▶ **DATA FOR PROCESSING**:
BEGIN
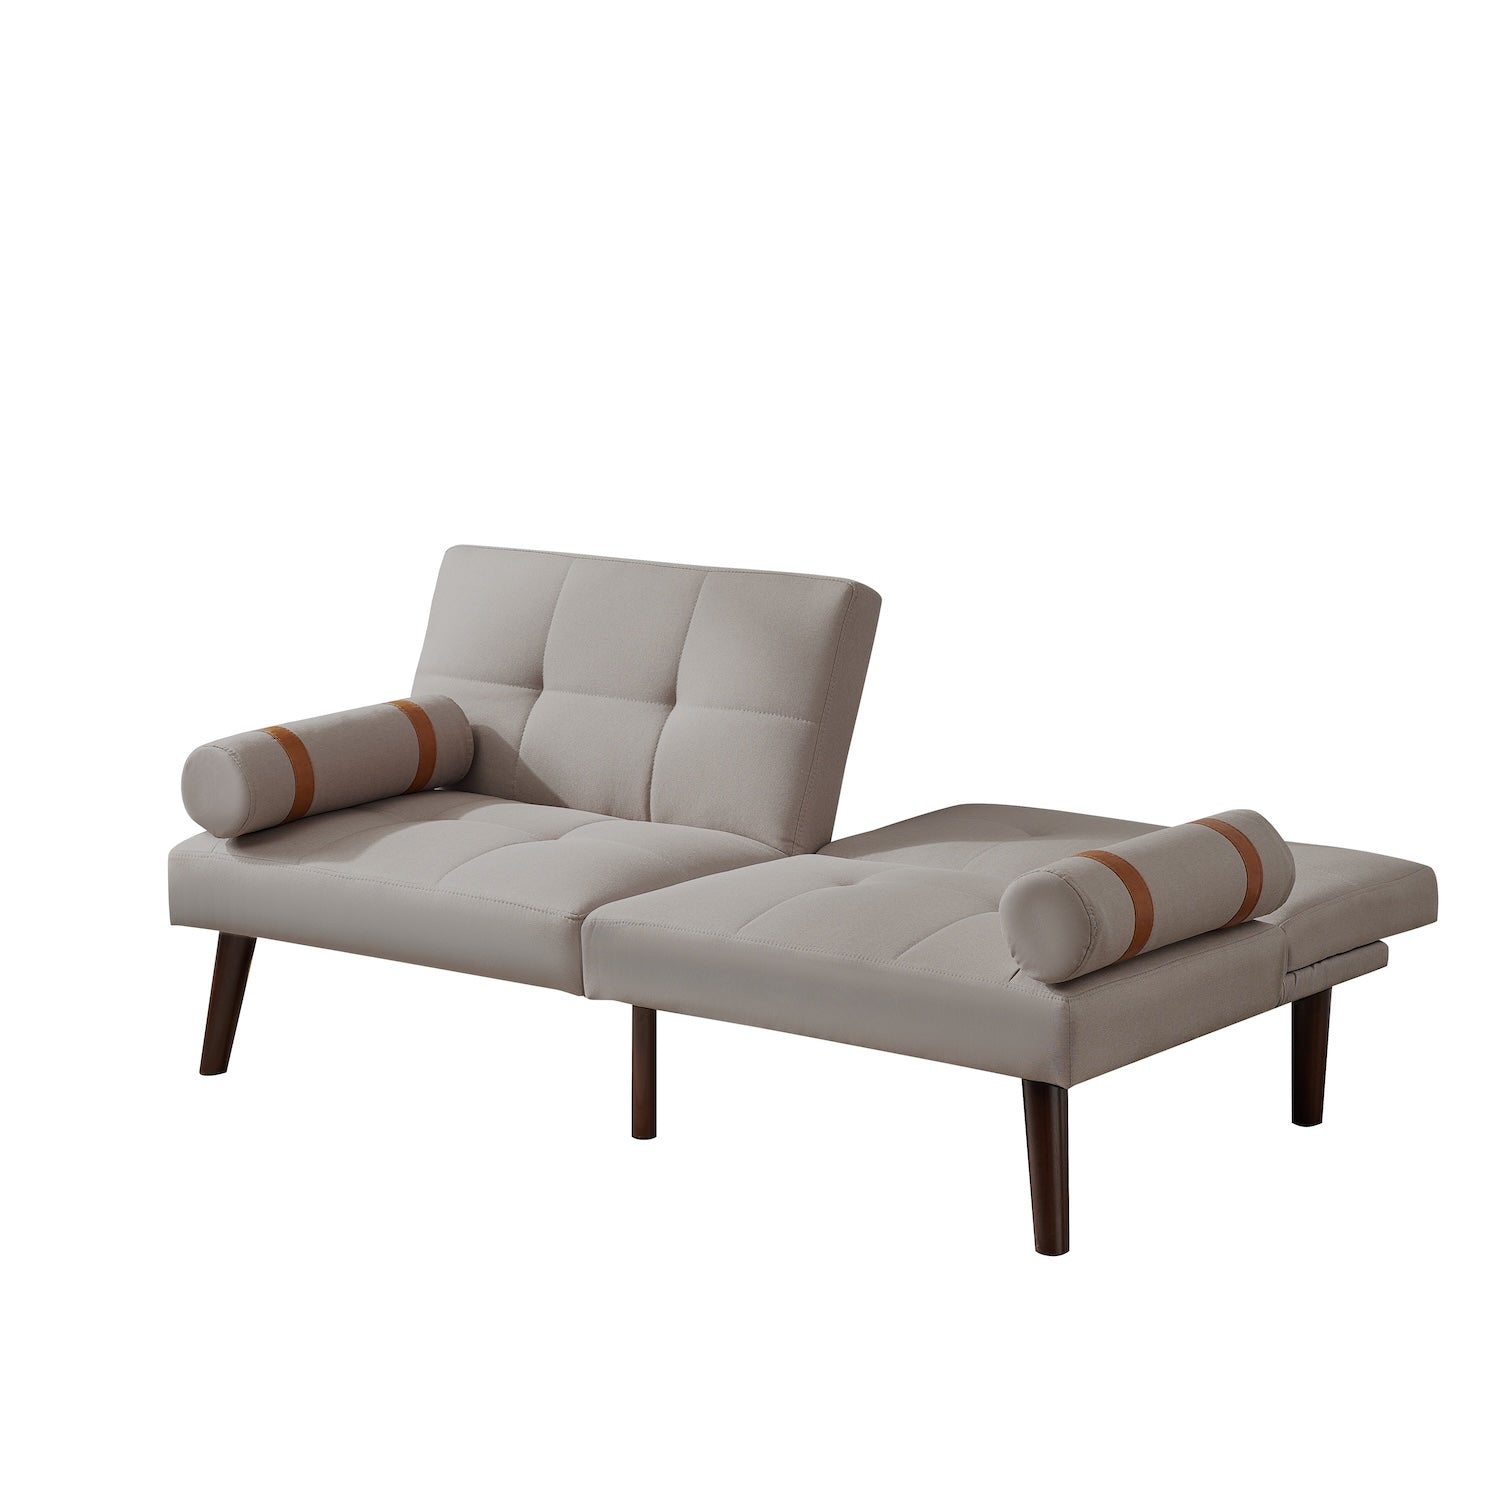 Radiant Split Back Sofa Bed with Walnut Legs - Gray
END
BEGIN
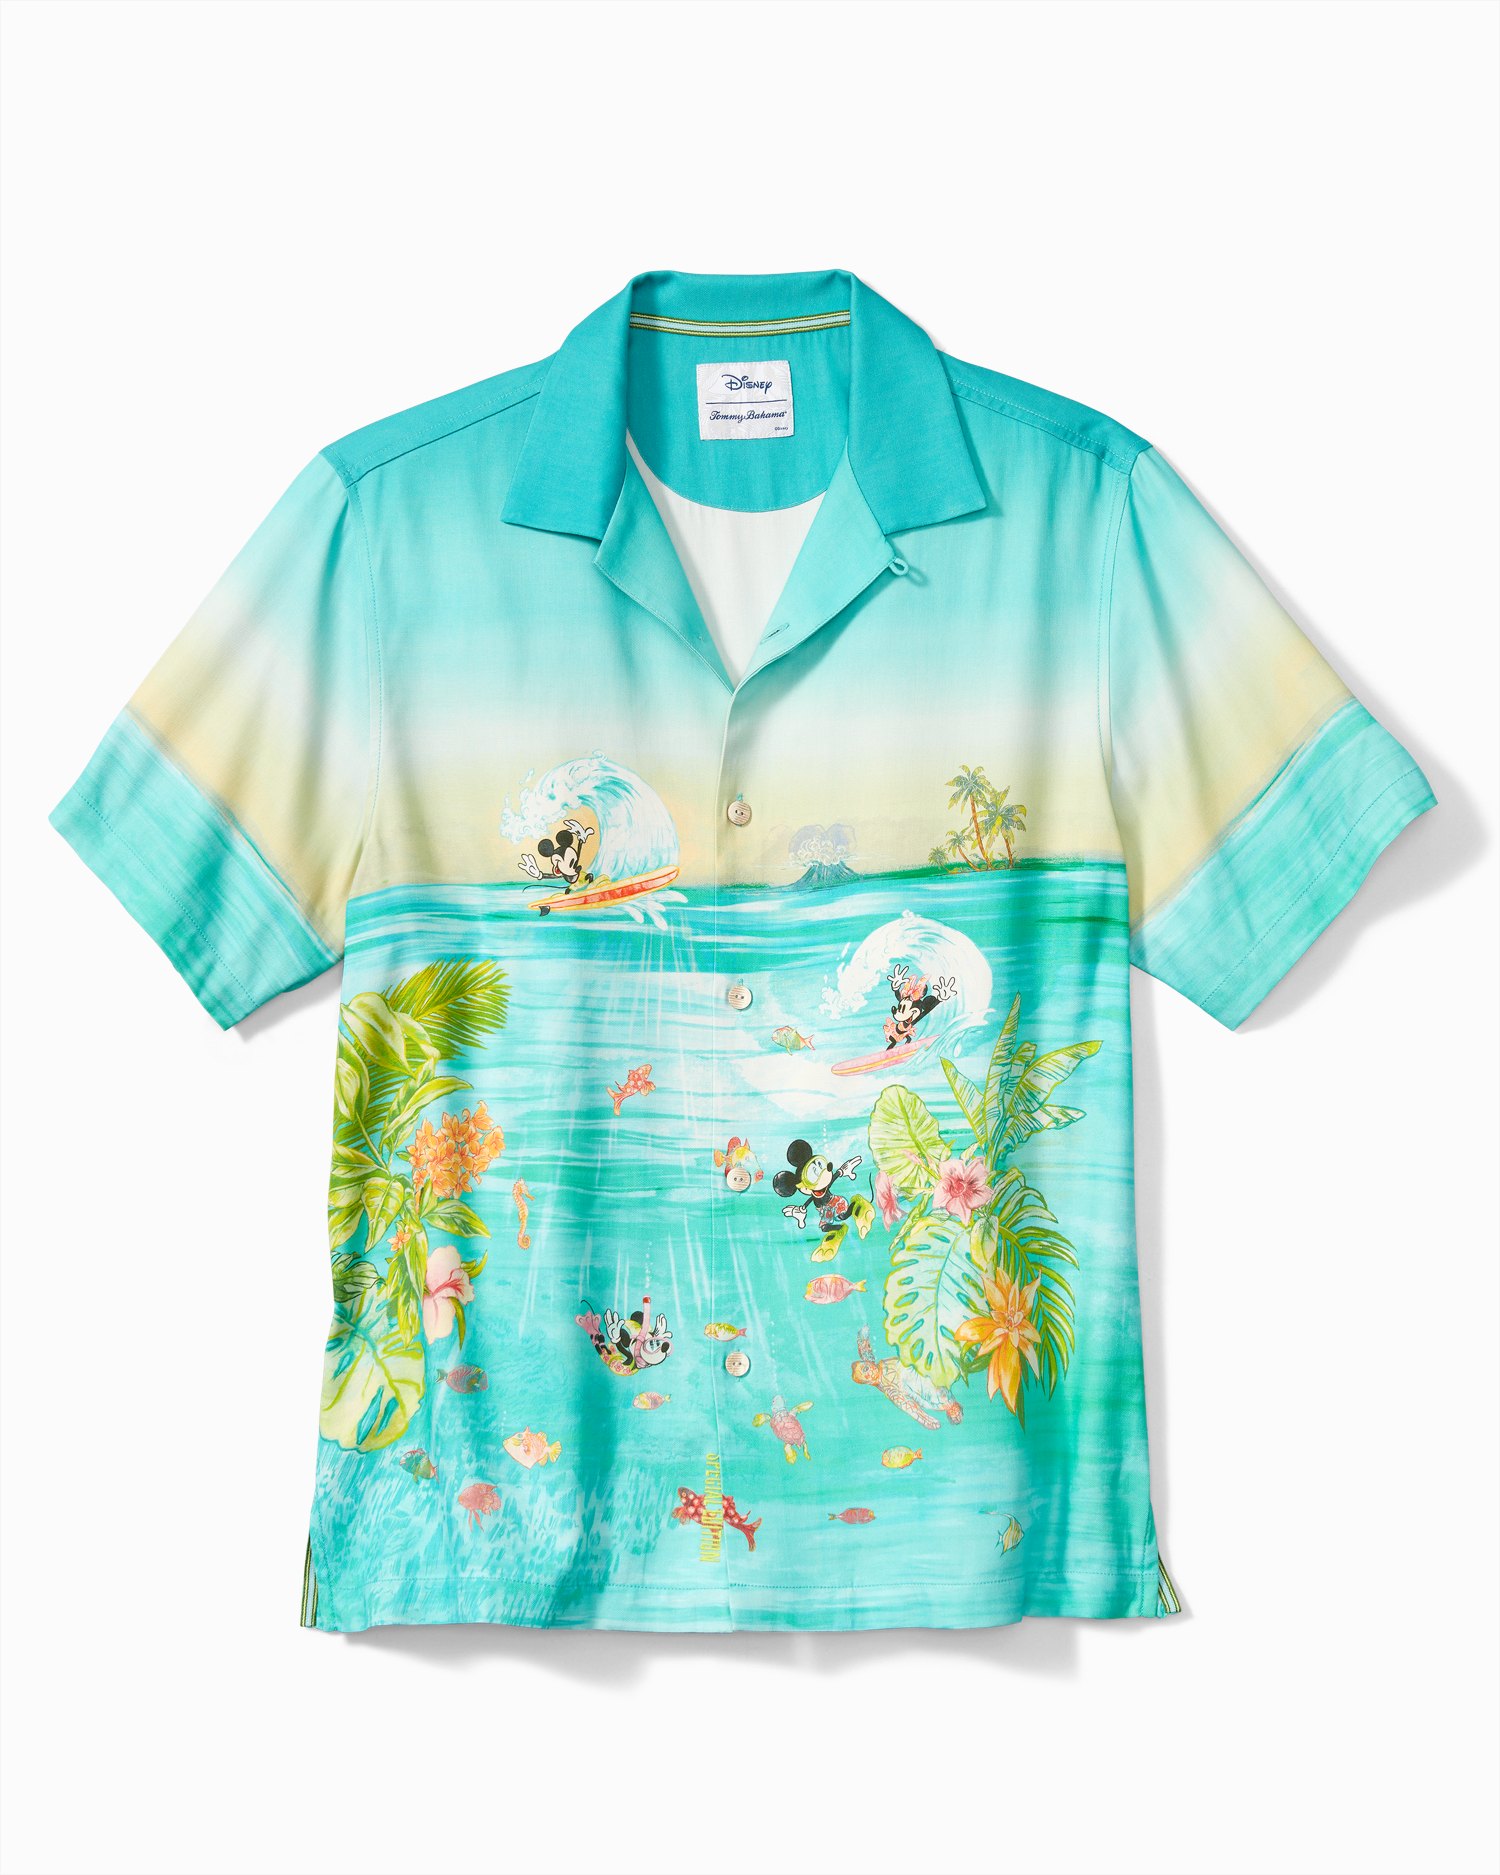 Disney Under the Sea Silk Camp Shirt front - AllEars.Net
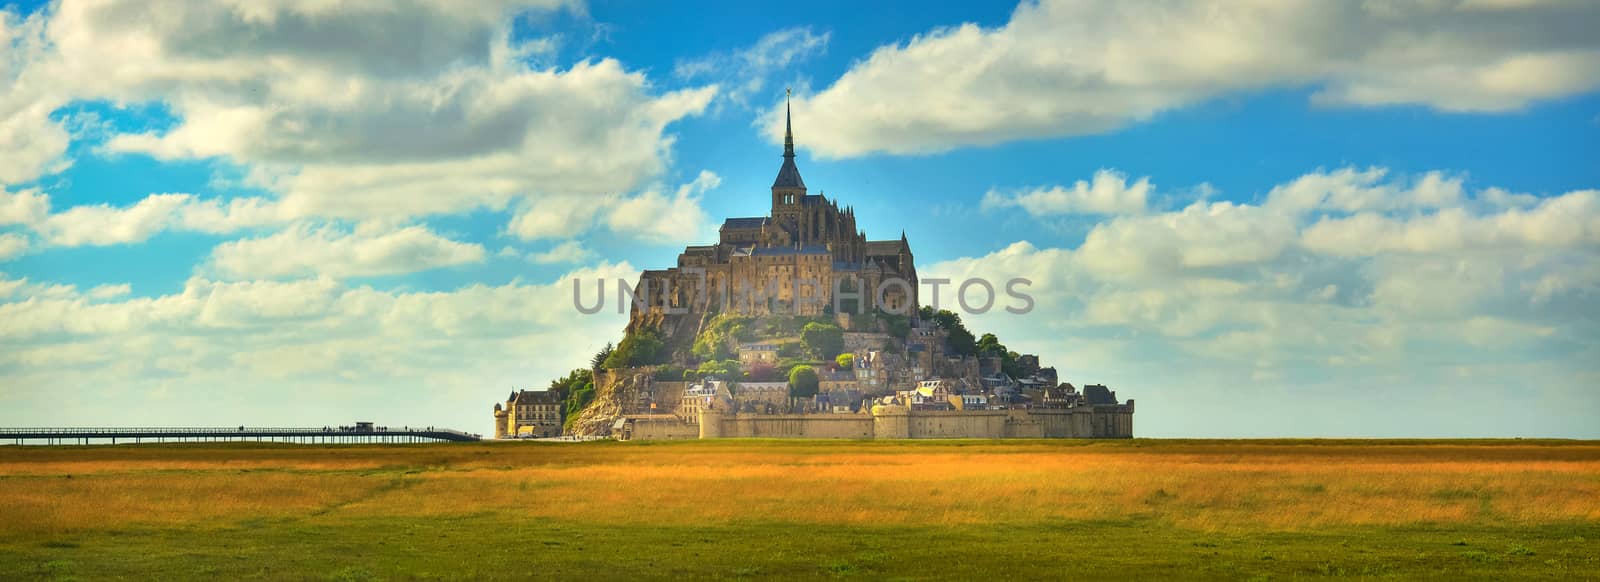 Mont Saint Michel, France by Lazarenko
END
BEGIN
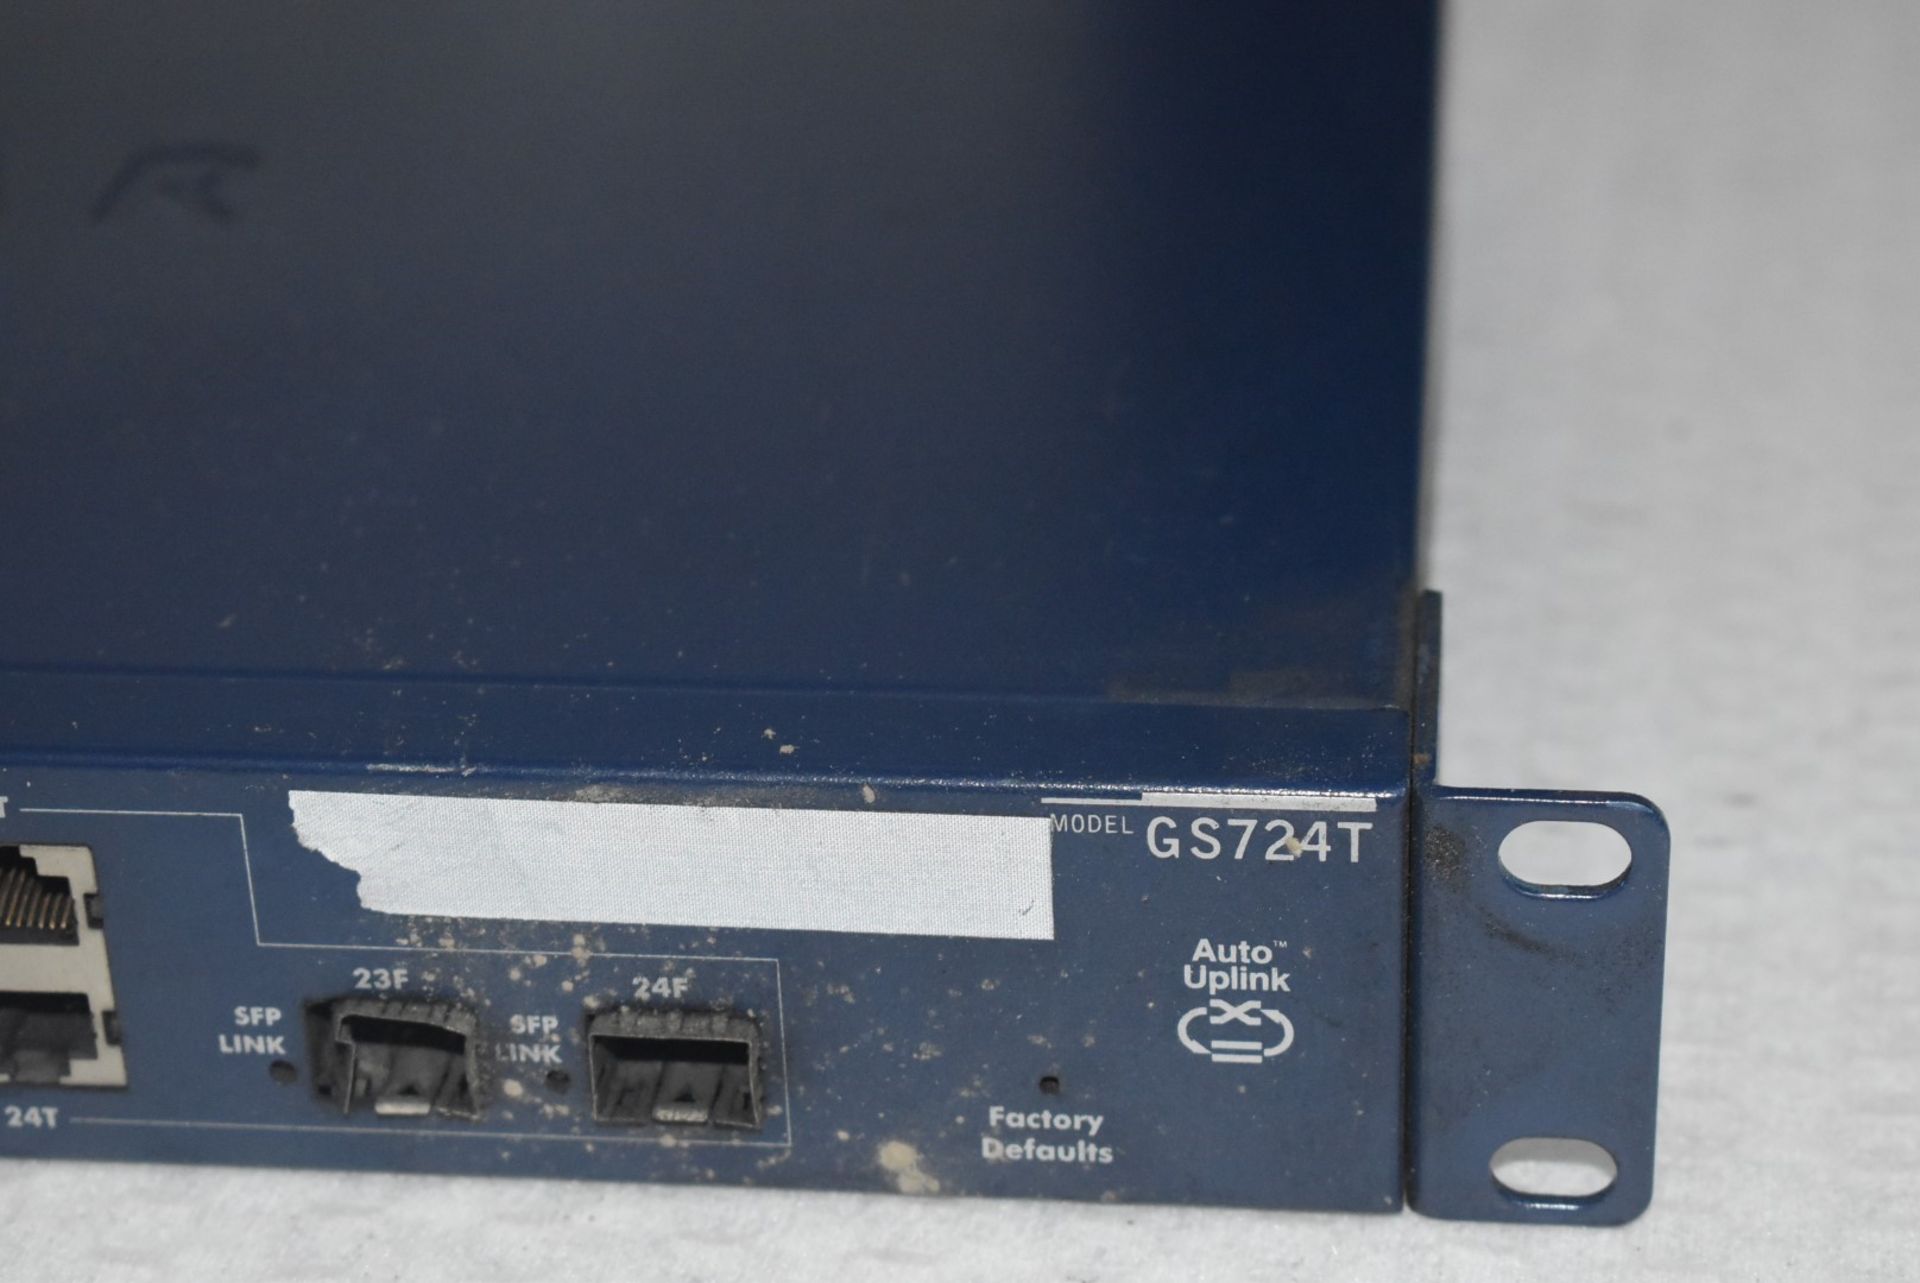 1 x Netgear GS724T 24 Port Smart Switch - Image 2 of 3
END
▶ **INSTRUCTIONS FOR THE TASK**:
In the listing above, find the line with "Disney Under the" and output every line through the one with "Mont Saint Michel, France by Lazarenko", exactly, without the pictures.

▶ **THE COMPLETED TASK**:
 Disney Under the Sea Silk Camp Shirt front - AllEars.Net
 Mont Saint Michel, France by Lazarenko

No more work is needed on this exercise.